Yes, and it's 18 years later. 

> Stewart is
> describing how these chips (both the prior generation and current) are
> architected and you are going back to some idea that there is a common
> memory where this all resides and its just a matter of looking at it.
> This is not software on a general purpose processor.

I never said software; I said that the checksum can be computed as the data moves (which is how we did it in 1996).
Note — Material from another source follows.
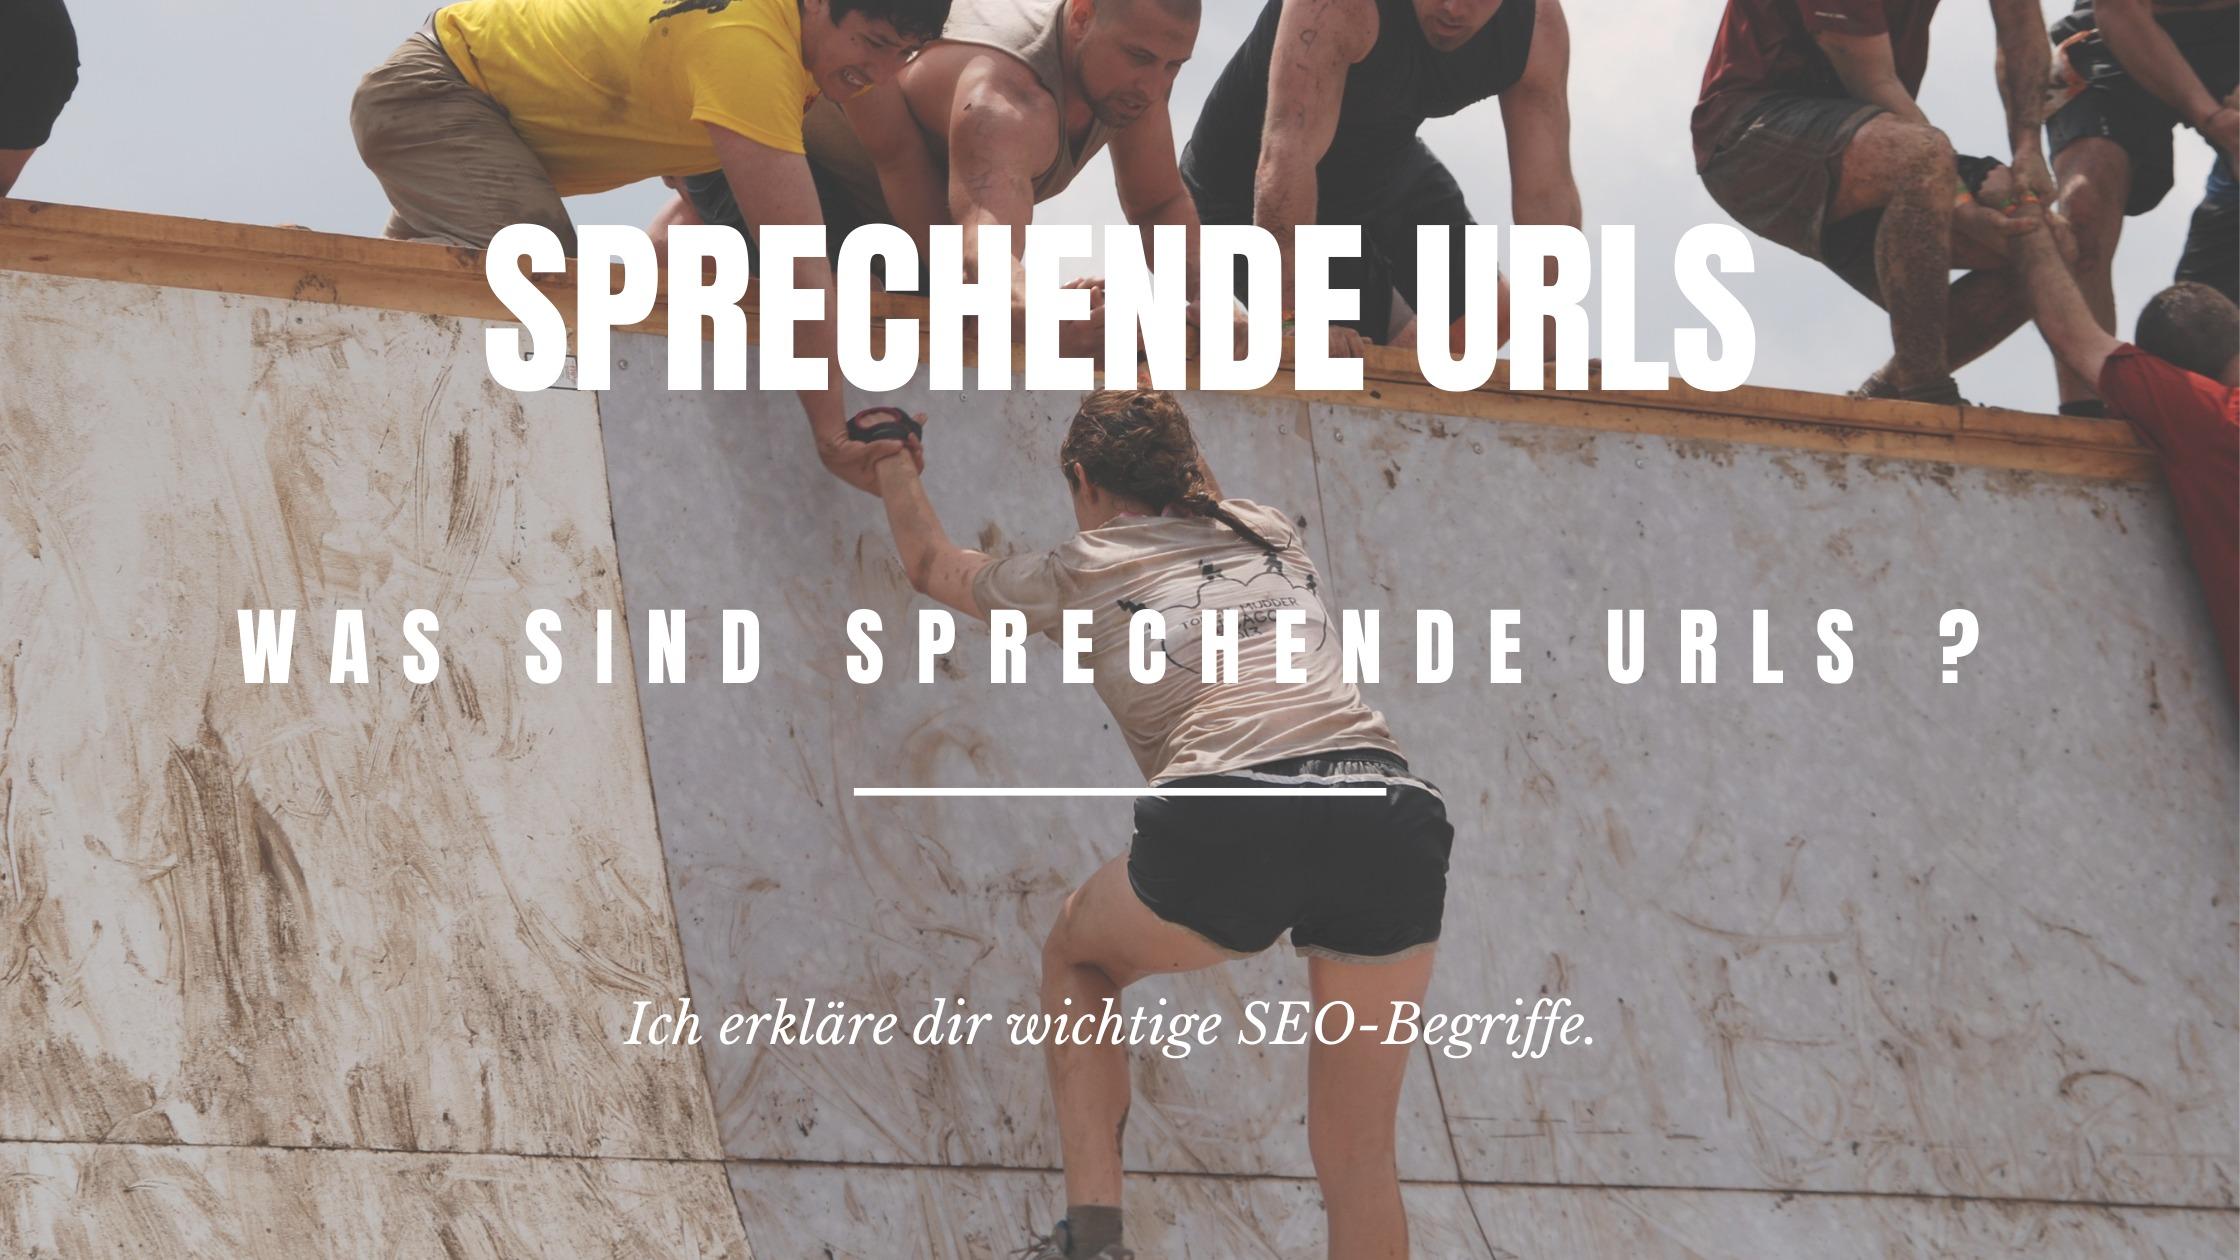 Sprechende URLs für SEO

> If a queue forms, the headers are in SRAM and the body of the packet
> is off chip in DRAM.  There isn't enough memory bandwidth to pull the
> packet back until its time to send it out.  At that point the header
> and body are joined but the header processing has been completed long
> ago.

At some point the two come back together, at which point the partial sums of the header and body can be combined and inserted in the header.

...
> If there is no queue at all cut-through can happen.  The header gets
> transmitted before the entire packet arrives at the input of the
> chip.  (And if FCS fails a runt with bad FCS goes out).
> 
> At the very least this can't work if cut-through is used to reduce
> latency.

Latency is a complex function of the bandwidth, propagation, coding, and processing delays, and there are very rare cases where cut-through reductions would impact E2E latency. 

In those cases, there are other good reasons not to use UDP encapsulation.

> When the two are joined, about the only processing is in the
> MAC, its mostly loading a shift register and serializing but it also
> does the FCS and sticks that *at the end*.  The MAC is quite
> inflexible as it is mostly silicon gates designed to do some minimal
> processing for a layer-2 such as Ethernet or GFP/OTN.
> 
> Think for a moment what N x 100 Gb/s means.  For small packets 150
> Mpps per interface with Ethernet overhead (large overhead).  That is
> 20 clock cycles per packet for a 3 GHz clock rate.  Divide that by N.
> This has to be done in specialized hardware

The hardware required is trivial, and easy to include in the same transfer mechanism used to move data (as it already has been for many years in network interfaces).

> BTW - "transparent TCP proxies" don't need to look at the payload for
> the purpose of updating a checksum.

That depends on whether the segments boundaries are preserved.